Species of gastropod

Odostomia trachis is a species of sea snail, a marine gastropod mollusc in the family Pyramidellidae, the pyrams and their allies.

==Description==
The small shell has an elongate-conic shape. Its length measures 2.5 mm. The whorls of the protoconch are small, smooth, and strongly obliquely immersed in the first of the succeeding turns, above which only the tilted edge of the last volution projects. The five whorls of the teleoconch are moderately rounded, strongly contracted at the sutures, and slopingly shouldered at the summit. They are marked by strong, rounded, decidedly retractive axial ribs, of which 16 occur upon the second, 18 upon the third, and 20 upon the penultimate turn.

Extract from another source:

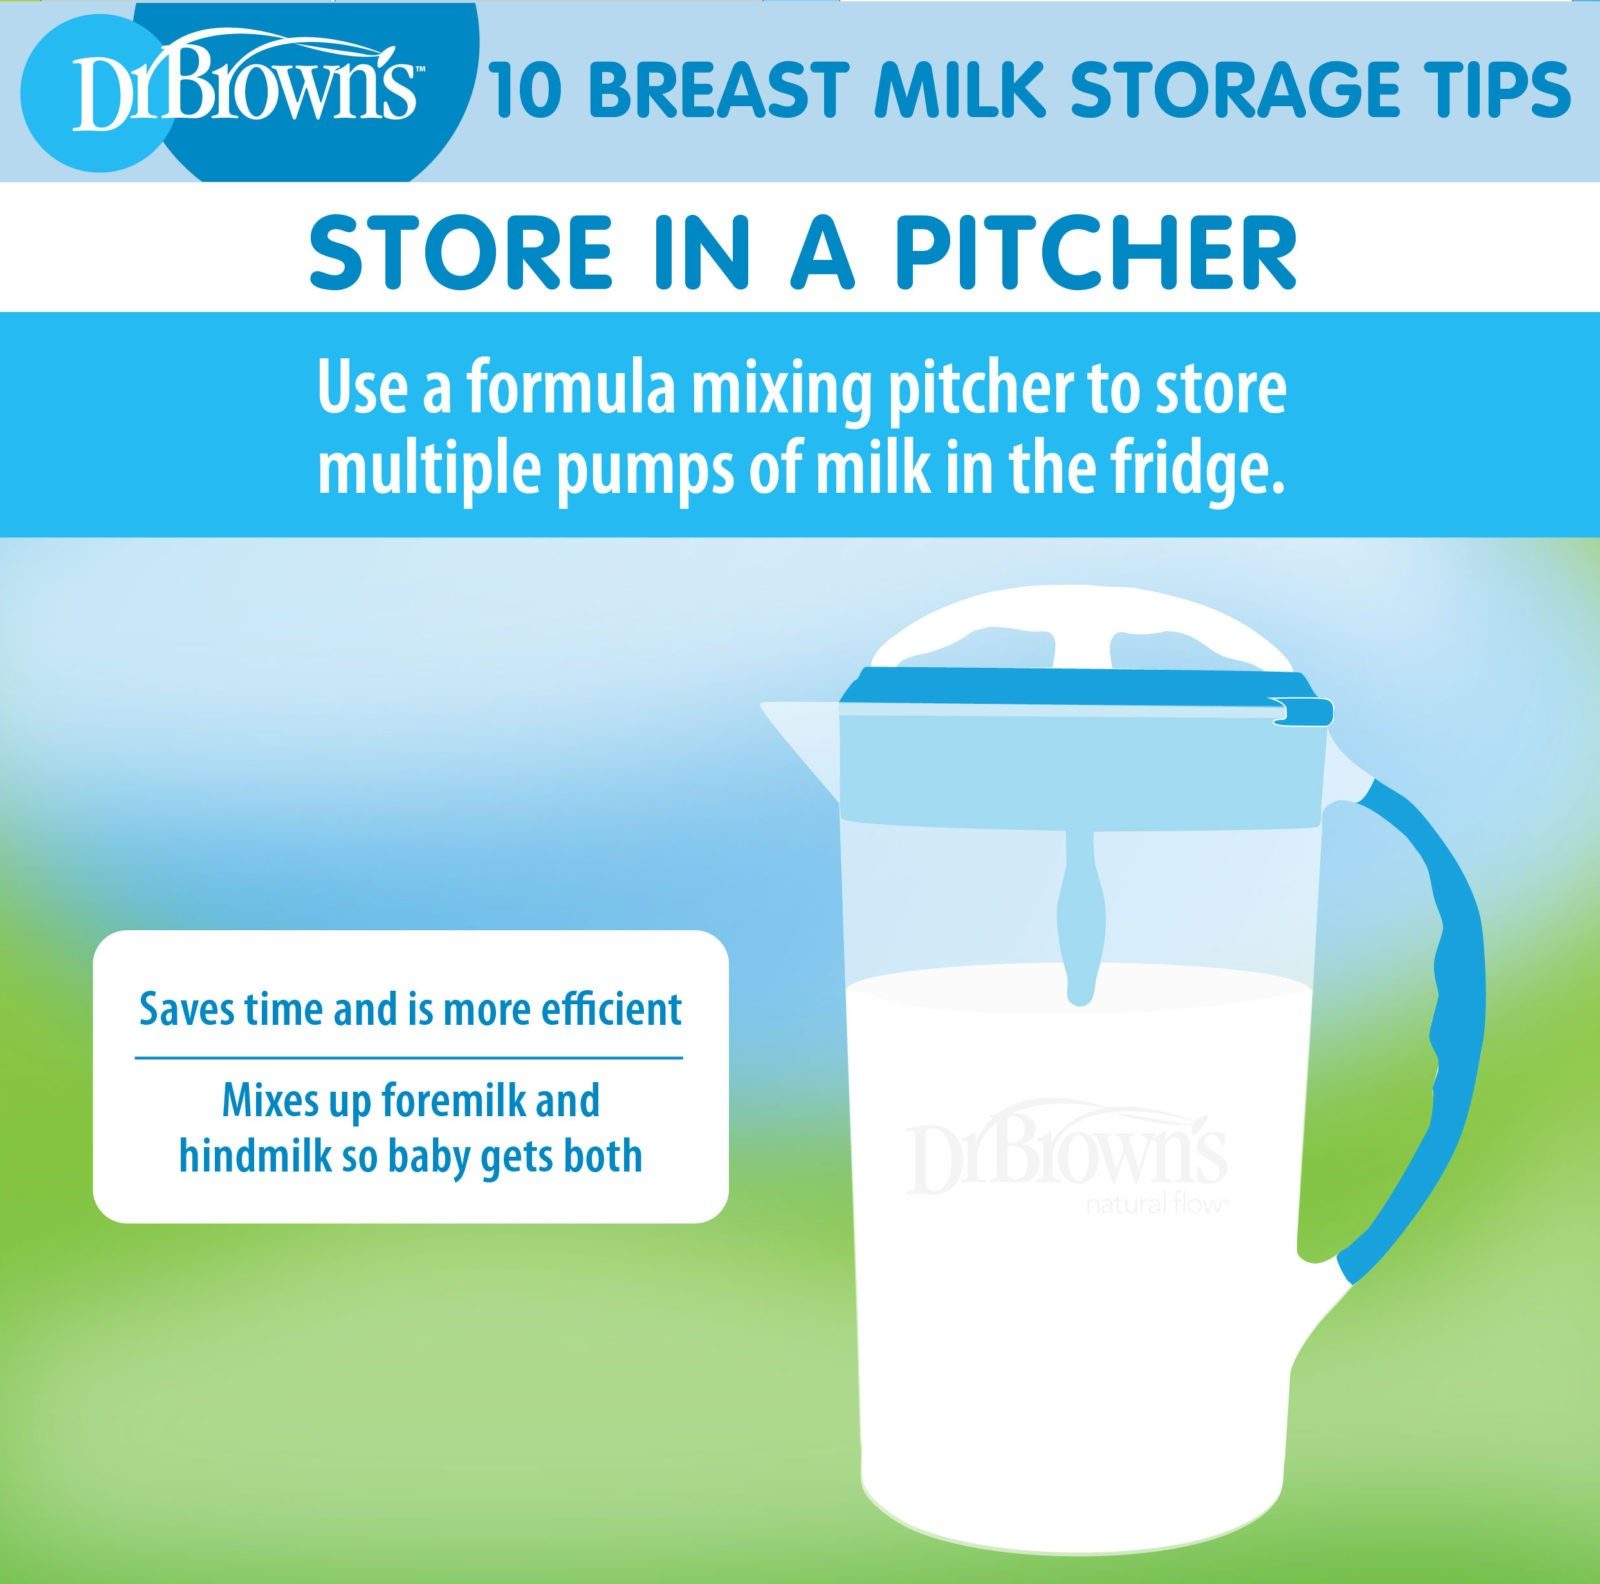 Formula Pitcher Method: How to Store Breast Milk in a Pitcher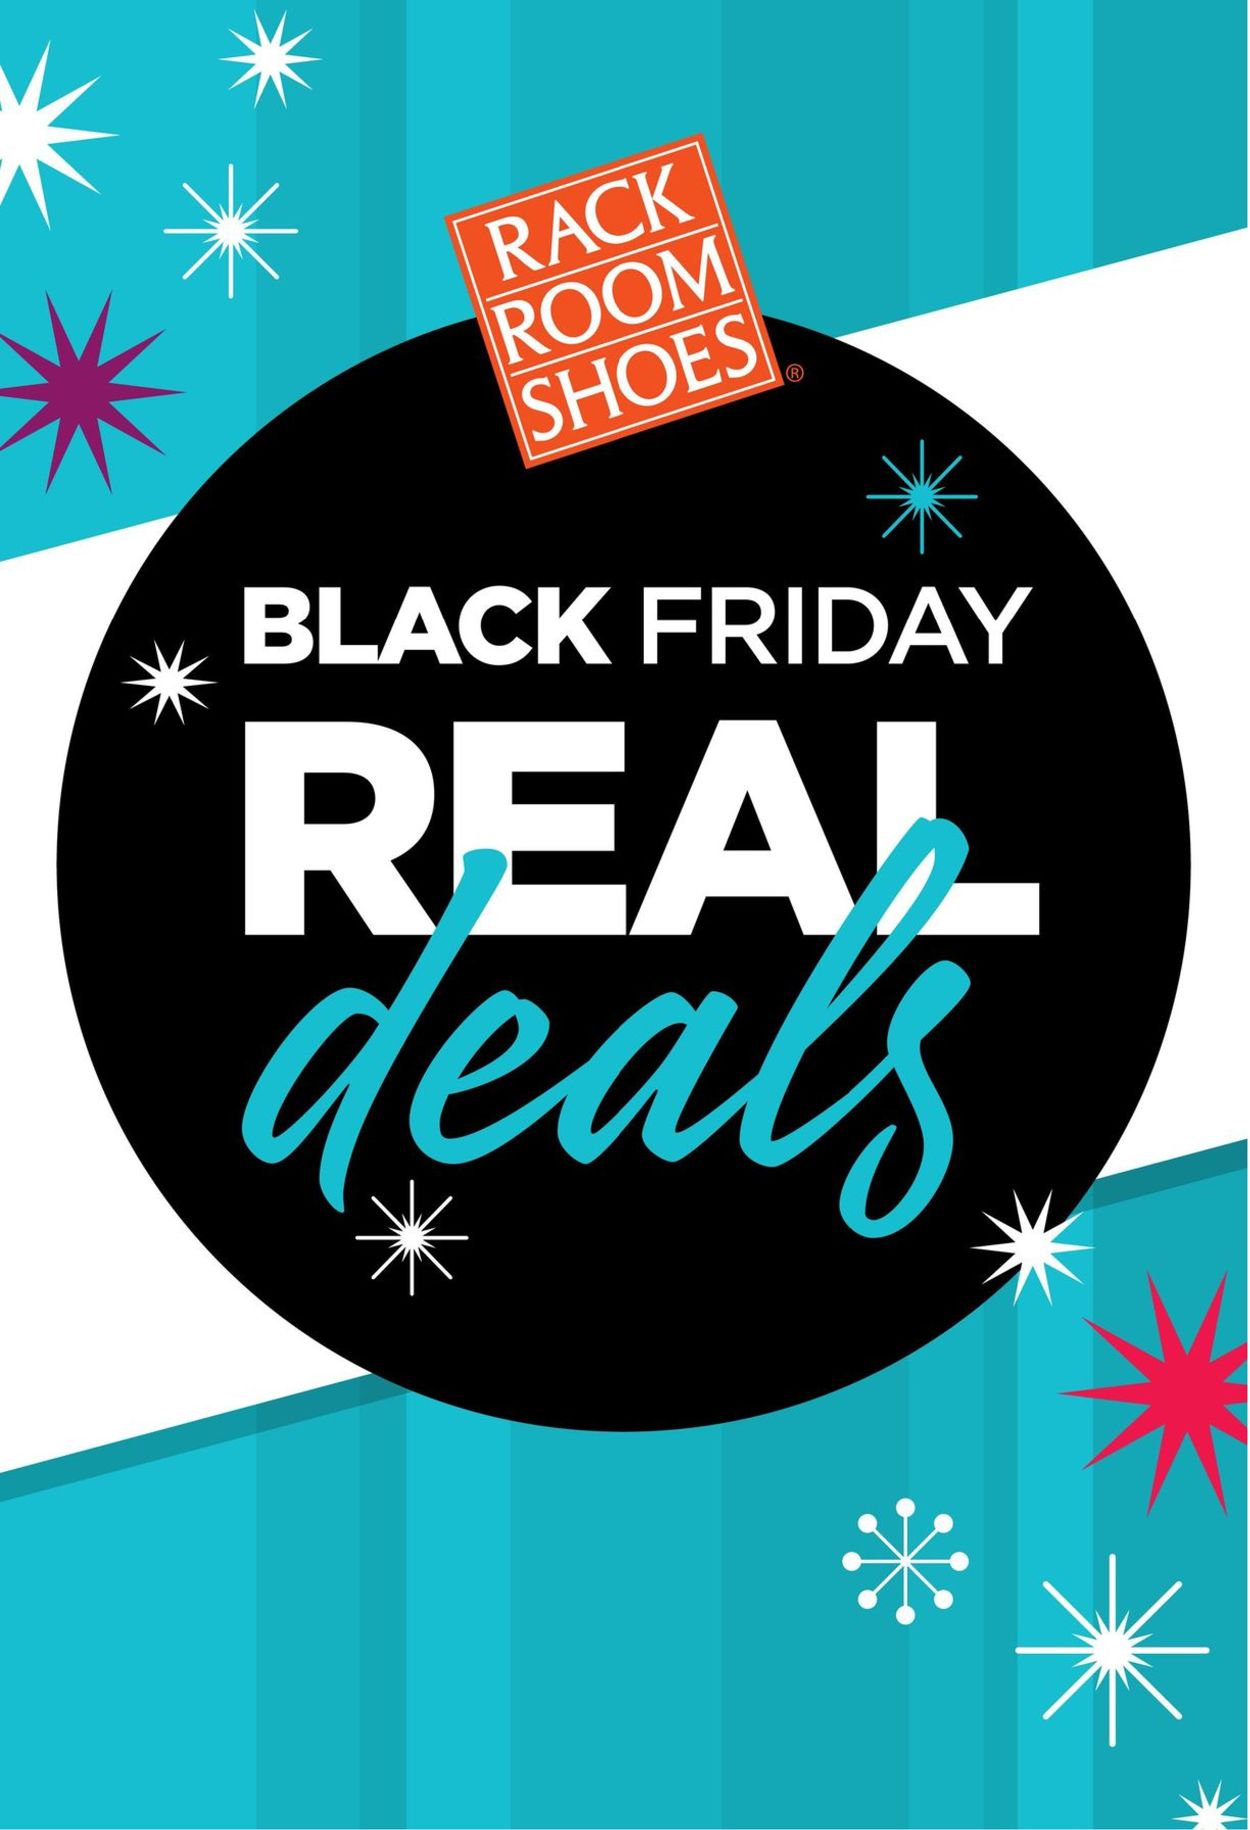 Rack Room Shoes - Black Friday Ad 2019

In addition to the axial ribs the whorls are crossed between the sutures by four spiral cords, which are as strong as the ribs and render them nodulous at their junction. The second of these cords below the summit marks the angle of the shoulder. The spaces enclosed by the ribs and cords are deep, squarish pits. The sutures are subchanneled. The periphery of the body whorl are marked by a groove, crossed by the spiral ribs, which terminate at the extremity of the first basal cord. The base of the shell is well rounded. It is marked by four subequal, distantly spaced, narrow, spiral cords, the broad spaces between which are crossed by numerous axial threads. The aperture is oval. The posterior angle is obtuse. The outer lip is thin, showing the external sculpture within. The columella is slender, reflected, and reinforced by the base. It is provided with a fold at its insertion. The parietal wall is covered with a thin callus.

==Distribution==
The type species was found in the Pacific Ocean off San Pedro Bay, California.